Eu a olhei, surpreso por vê-la ali. O que ela estava fazendo em um lugar como aquele, e logo naquele momento?
— O que você está fazendo aqui? — perguntei, minha voz saindo mais rouca do que eu esperava.
— Estava passando por aqui, depois de ir à loja de conveniência, e te vi sentado aqui na chuva — respondeu ela, com um leve sorriso. — Parecia que você precisava de alguém.
— Mas… só começou a chover agora, por quê você está com um guarda-chuva?
— Eu estou sempre preparada para tudo! — disse Kaori rindo.
Ela se sentou no balanço ao meu lado, compartilhando o guarda-chuva. O silêncio que se seguiu foi reconfortante, diferente daquele que eu havia experimentado com meu pai. Era como se ela entendesse que eu não estava pronto para falar, que eu precisava de um momento para processar tudo.
Depois de algum tempo, finalmente rompi o silêncio.
— Não vai perguntar o que aconteceu? — perguntei, meio esperando que ela insistisse em saber.
Ela me olhou, com um brilho suave nos olhos.
— Você quer falar sobre isso?
Por um momento, pensei em me abrir, contar tudo o que havia acontecido, mas as palavras simplesmente não vieram. Eu não estava pronto para enfrentar aquilo ainda, nem mesmo com alguém como Kaori.
— Não — respondi, balançando a cabeça. — Não agora.
Ela assentiu, como se entendesse perfeitamente. E, em vez de pressionar, ela me deu algumas palavras encorajadoras, do tipo que só ela poderia oferecer. Palavras simples, mas que de alguma forma conseguiam aliviar um pouco do peso que eu carregava.
Enquanto voltávamos para casa, ela segurou o guarda-chuva, garantindo que eu não me molhasse mais. Ela caminhava ao meu lado, em silêncio, mas a sua presença era tudo o que eu precisava naquele momento.
Chegando à porta da minha casa, parei e olhei para ela, ainda sem saber como agradecer adequadamente.
— Obrigado, Kaori — disse, finalmente, tentando colocar em palavras o que sentia.
Ela sorriu, um sorriso que parecia iluminar até mesmo a noite chuvosa.

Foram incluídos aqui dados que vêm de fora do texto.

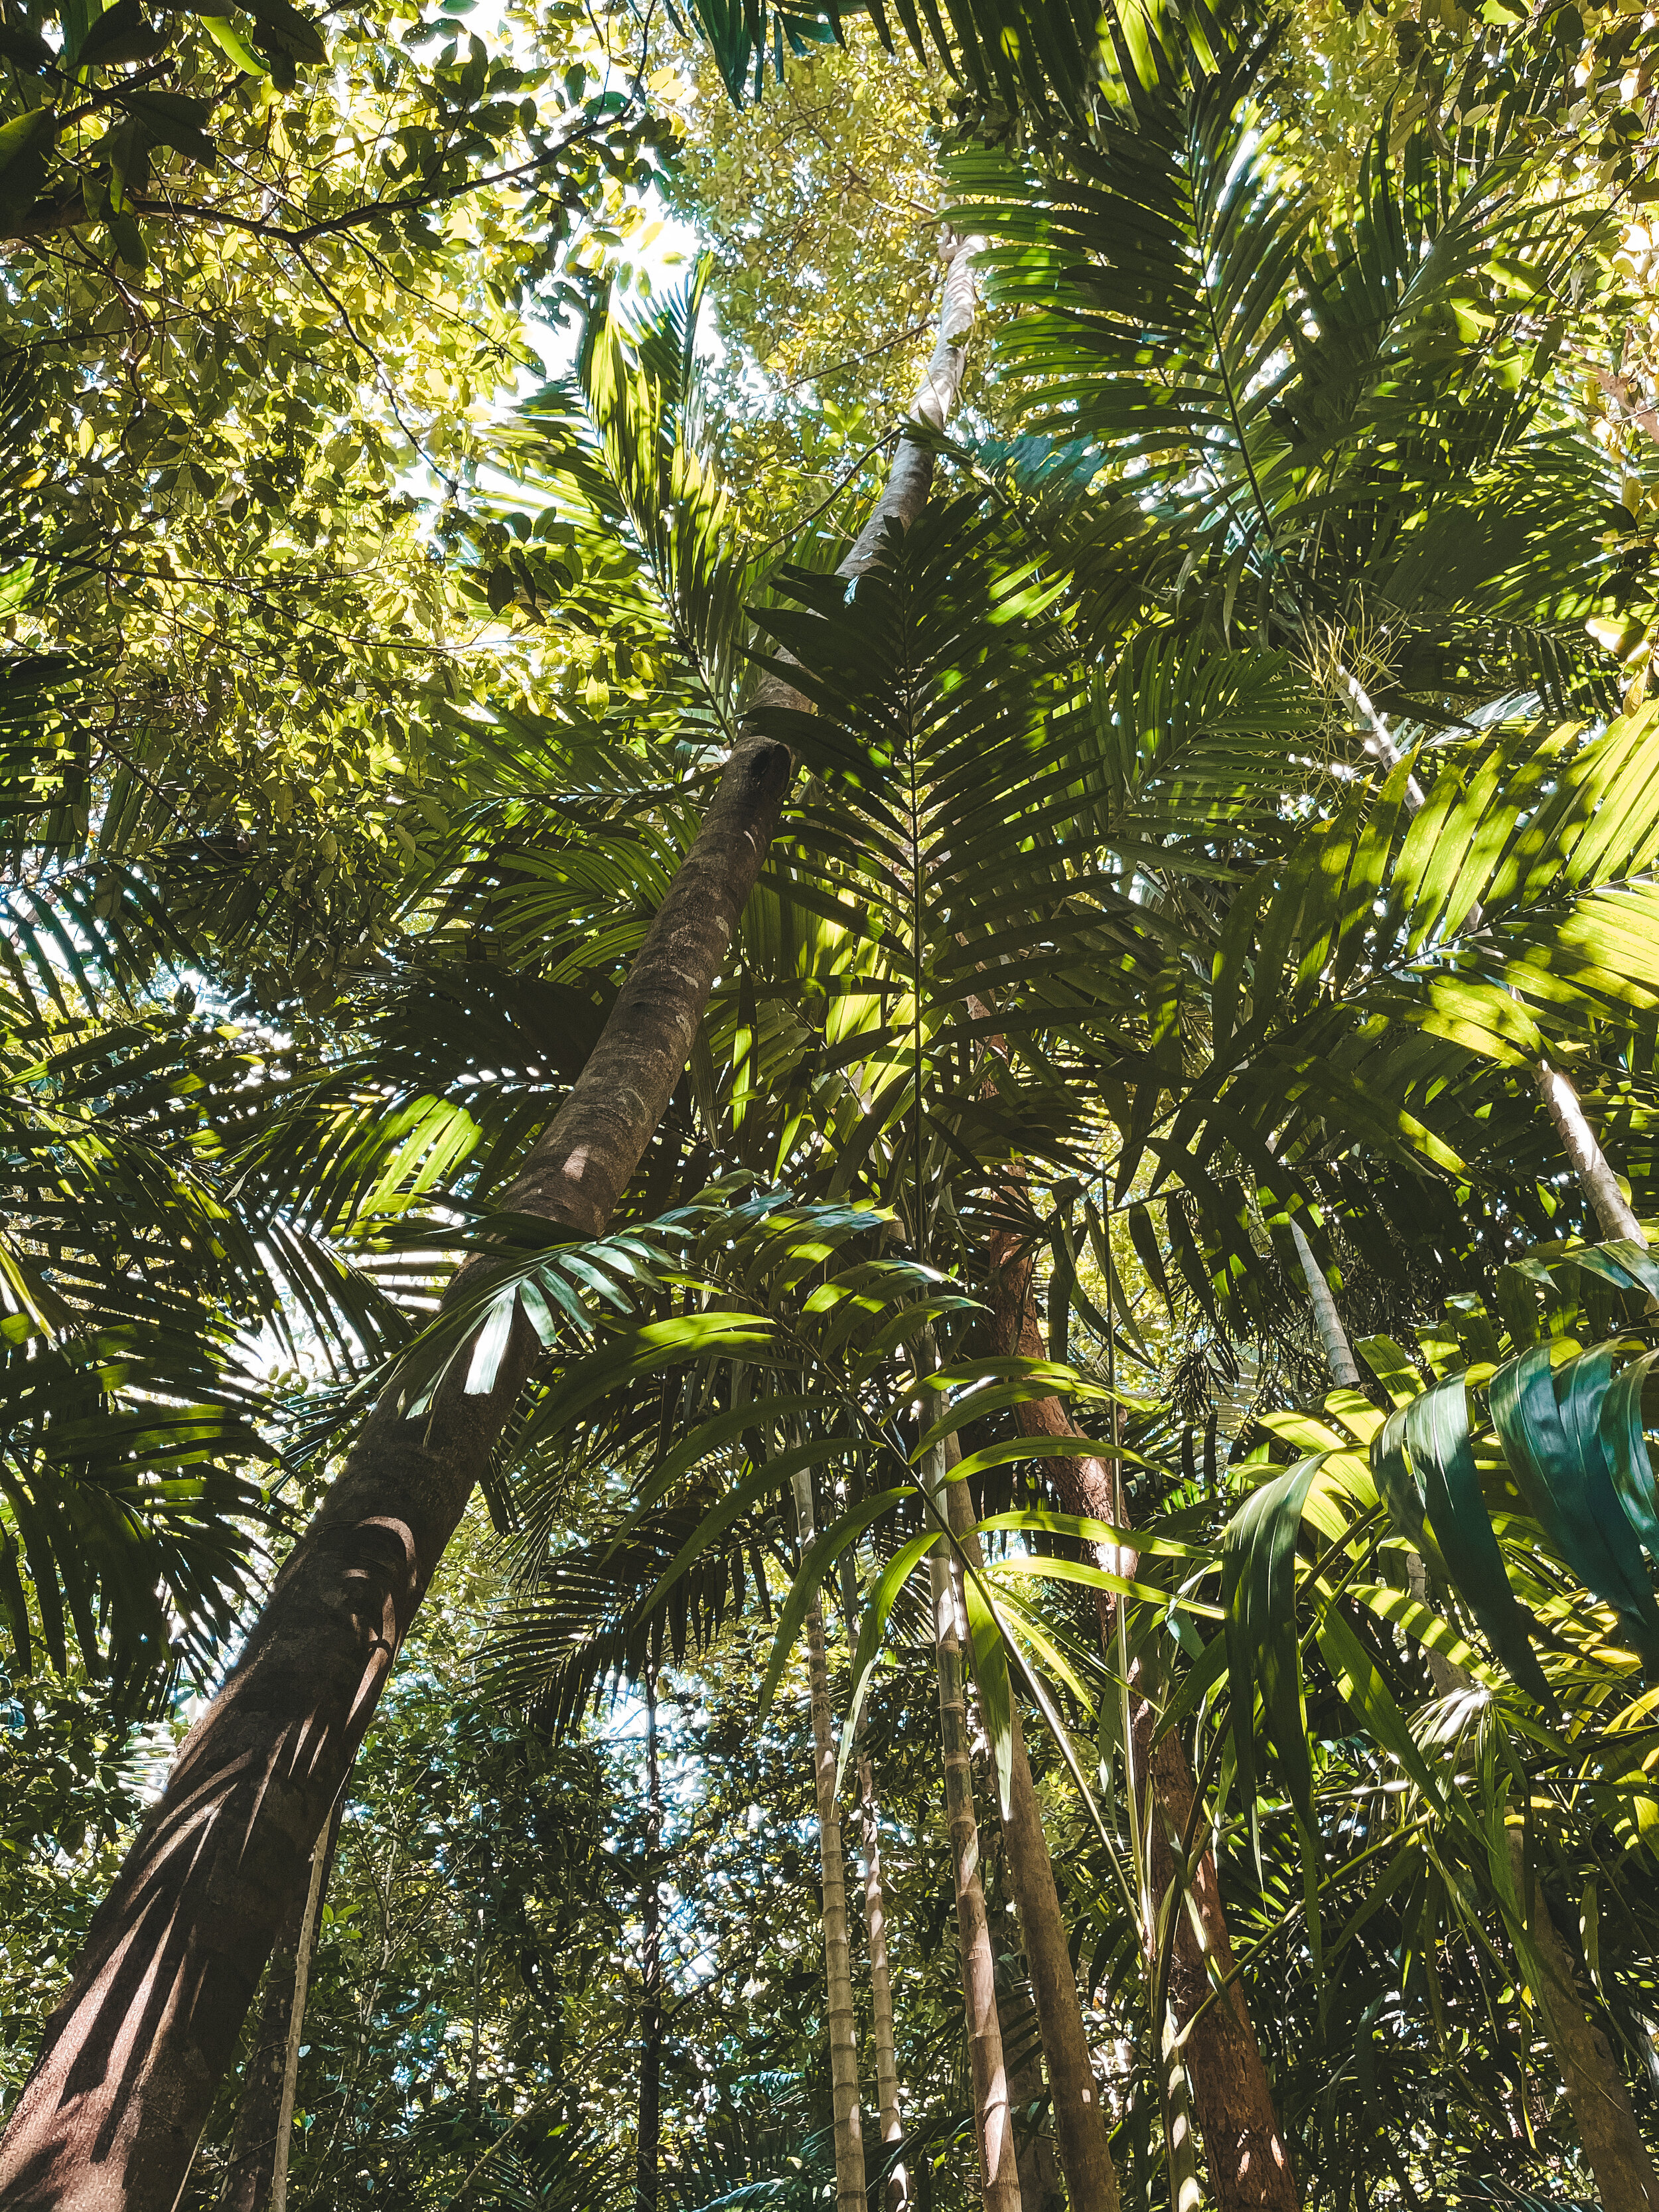 Palms &amp; Sunshine - Hinchinbrook Island - Tropical North Queensland (QLD) - Australia

— Não foi nada — respondeu ela, antes de abrir a sacola que carregava. — Aqui, pegue um pão doce. Você gosta, certo?
Eu fiquei confuso por um momento, sem saber como reagir. Tentei recusar, mas ela insistiu até que eu finalmente aceitasse. Depois, ela se despediu, correndo pela chuva, enquanto eu fiquei ali, segurando o pão doce e me perguntando o que eu fiz para merecer alguém como ela.
Entrei em casa, ensopado, e fui imediatamente recebido pelo olhar preocupado da minha mãe.
— Shin, onde você estava?! — perguntou ela, visivelmente angustiada. — Olhe só para você, está todo molhado! Você vai acabar doente!
— Eu… — comecei, mas fui interrompido por ela.
— Seu pai me contou o que aconteceu — disse ela, num tom mais suave. — Shin, eu sei que isso é difícil, mas talvez seja o melhor para todos nós. Poderíamos passar mais tempo juntos, como uma família.
Eu olhei para ela, tentando encontrar uma explicação lógica para tudo isso, mas só sentia o desespero crescer novamente.
— Não! — exclamei, interrompendo-a. — Eu não vou me mudar! Não vou abandonar tudo!
Sem esperar pela resposta dela, corri para o meu quarto e tranquei a porta, jogando-me na cama. Lágrimas que eu tinha segurado durante todo o dia finalmente começaram a cair, molhando o travesseiro. Por quê eu tinha que deixar tudo para trás? Por quê eu tinha que abandonar meus amigos, minha escola, Yuki… tudo? O mundo parecia desmoronar ao meu redor, e eu não sabia como segurá-lo.
Eu só queria que tudo fosse como antes.